Y <- X[, c(3, 1, 2)]
rSVDdpd(Y, alpha = 0.3)
#> $d
#> [1] 25.47298707 1.29012992 0.02812464
#>
#> $u
#> [,1] [,2] [,3]
#> [1,] 0.1408239 -0.82504033 0.4775444
#> [2,] 0.3450089 -0.42538672 -0.8366690
#> [3,] 0.5467884 -0.02772984 0.2395728
#> [4,] 0.7497732 0.37092540 0.1205870
#>
#> $v
#> [,1] [,2] [,3]
#> [1,] 0.6442426 -0.64398276 0.4125987
#> [2,] 0.5043111 0.76326375 0.4038549
#> [3,] 0.5749973 0.05210241 -0.8164946
As expected, the singular values do not change when the columns of the data matrix is permuted, however, the singular vector permutes in the same manner of the permutation of the columns.
An important property of SVD is that the matrix corresponding to the left and right singular vectors are orthogonal matrices. A sanity check of this property can also be verified very easily.
crossprod(rSVDdpd(X, alpha = 0.3)$u)
#> [,1] [,2] [,3]
#> [1,] 1.000000e+00 2.759042e-17 -1.810093e-17
#> [2,] 2.759042e-17 1.000000e+00 2.007640e-17
#> [3,] -1.810093e-17 2.007640e-17 1.000000e+00
As it seems, the off diagonal entries are very small values.

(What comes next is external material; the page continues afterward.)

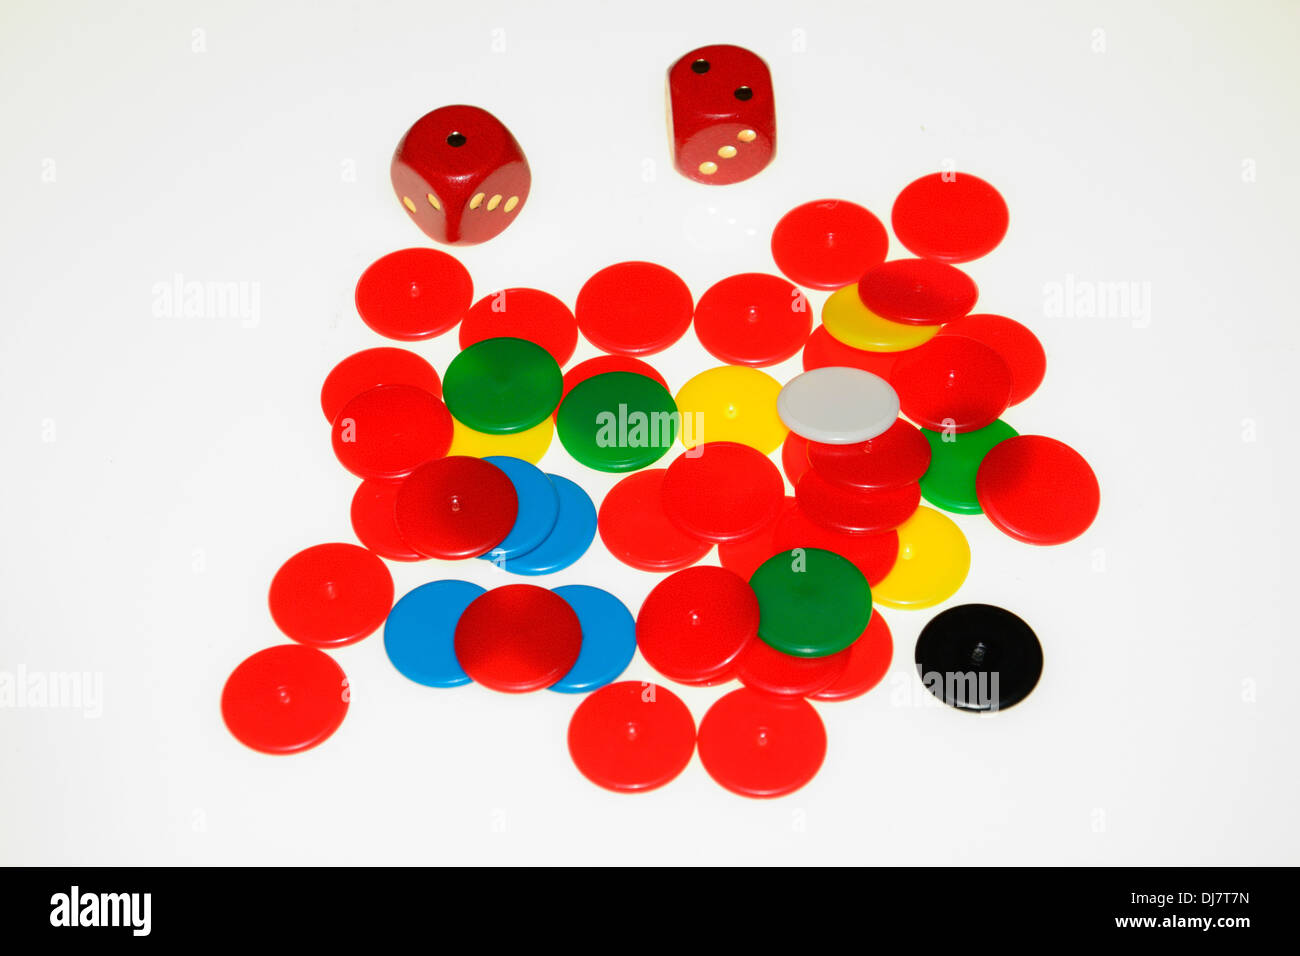 Random Scattered Counters and Dice Stock Photo
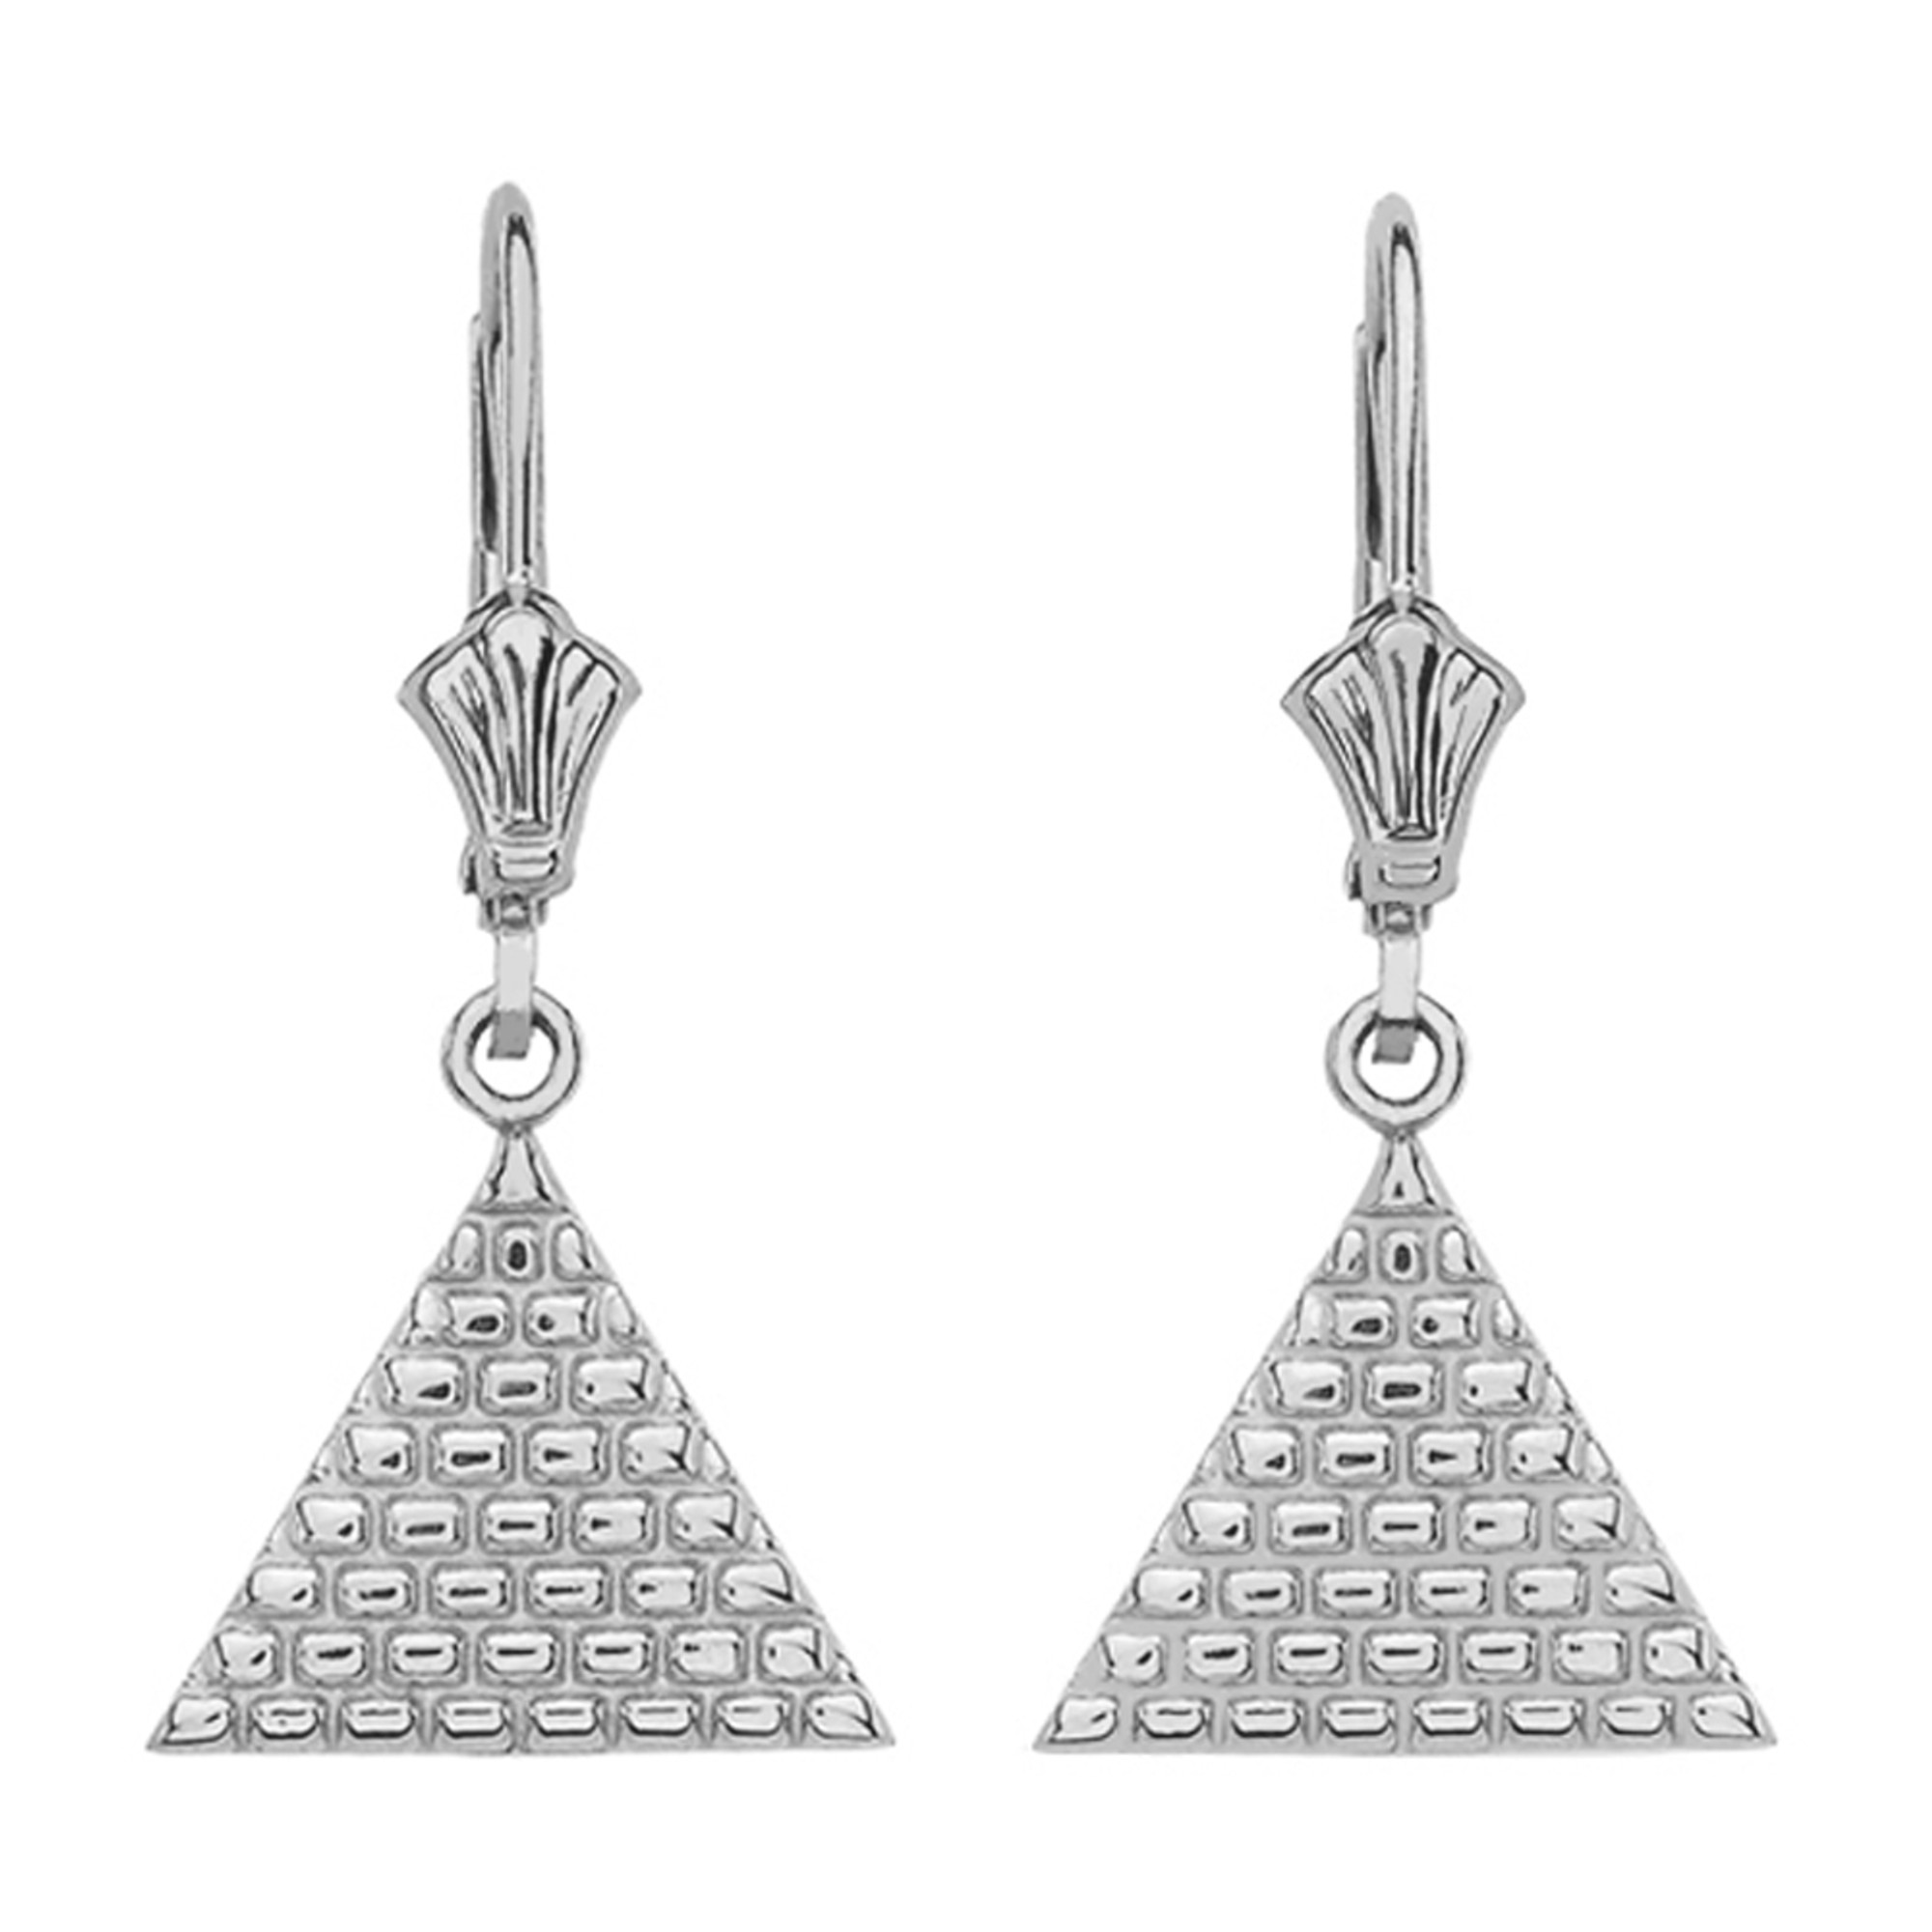 Triangle Pyramid Stud Earrings Sterling Silver

This is ensured by introducing a Gram Schimdt Orthogonalization step between successive iterations of the algorithm.
In presence of outliers with large deviation, the performance of
rSVDdpd
is fairly robust to the choice of α, the robustness parameter. With
α = 0, rSVDdpd
corresponds to usual svd
function from base
package. However, with increasing α, the robustness increases,
i.e. even a smaller deviation would not affect the singular values,
while with higher α, the
variance of the estimators generally increase.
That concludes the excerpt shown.